The nanoparticles are perfect spheres, consisting of a couple hundred atoms measuring from 16nm to 25nm in diameter. They are formed by means of a vacuum-deposition process that uses vapor condensation to produce highly reactive catalytic nanoparticles, for which the engineering team has formulated several end-use applications.

"Our biggest engineering challenge was finding a way to get the nanoparticles to stick to metal electrodes," McGrath said. The company has solved that problem, she said, "enabling existing electrolysis equipment to realize a 30 percent increase in hydrogen output just by retrofitting our coated electrodes."
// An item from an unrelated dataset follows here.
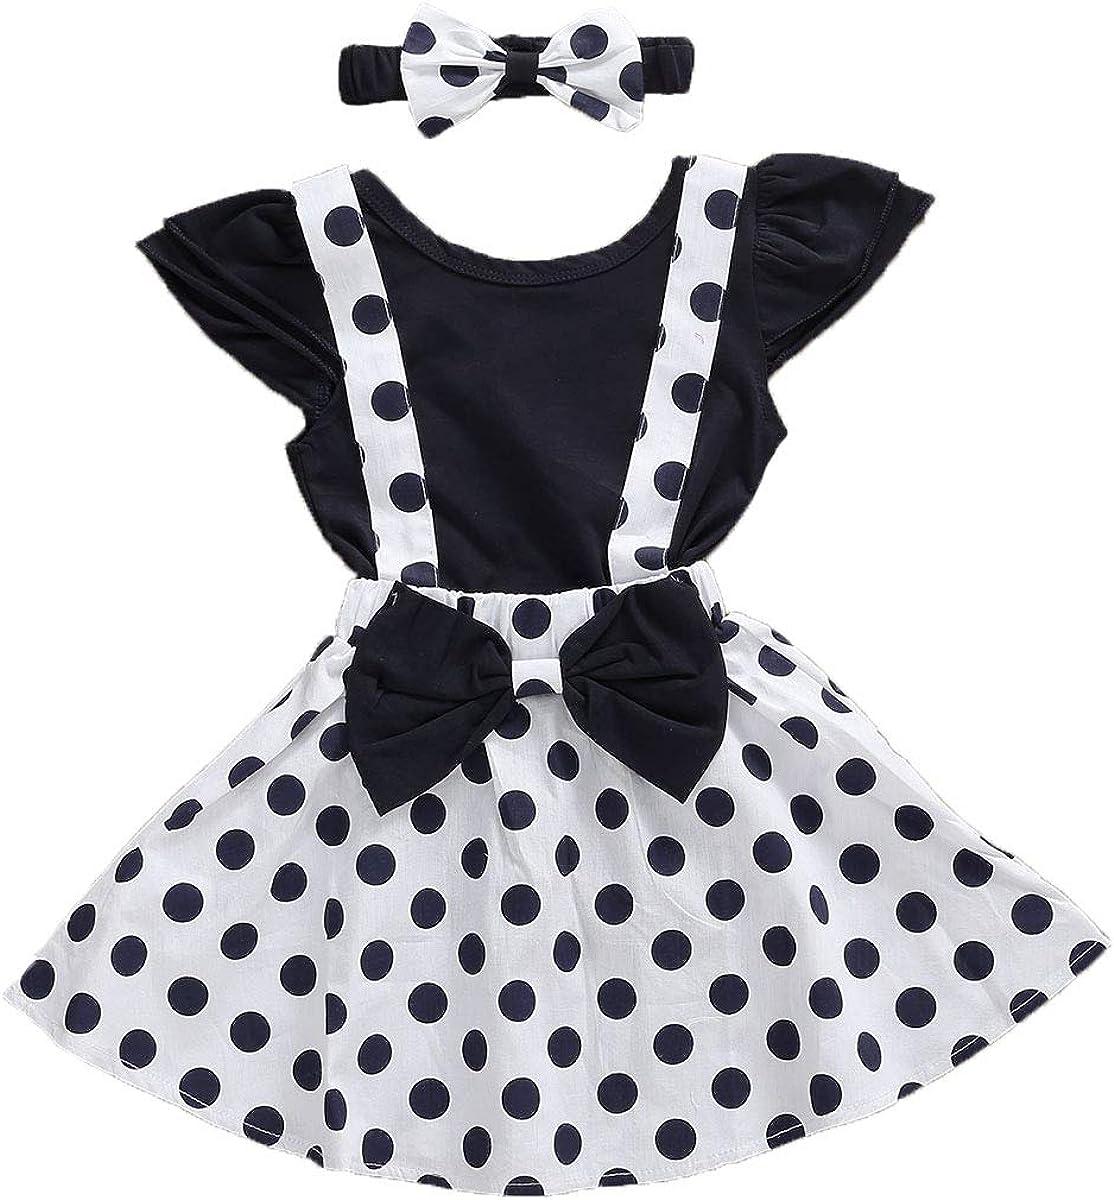 Baby Girls Skirts Set Ruffle Romper Tops + Printing Polka Dot Suspender Skirt + Bow Knot Headband 3Pcs Clothes Set

QuantumSphere projects that the efficiency of electrolysis using its nanoparticle-coated electrodes, now at 85 percent, can be increased to 96 percent by the time hydrogen fuel cell automobiles are in wide use. Adjusting for rising gasoline prices, QuantumSphere projects that performing electrolysis at home to power hydrogen fuel cells will be less expensive than burning fossil fuels.

The company has also made progress in its quest to eliminate the need for expensive platinum electrodes inside the fuel cell itself, claiming that today it can replace half a fuel cell's platinum with nanoparticle-coated stainless steel. QuantumSphere hopes to demonstrate fuel cells with no platinum at all in the coming years.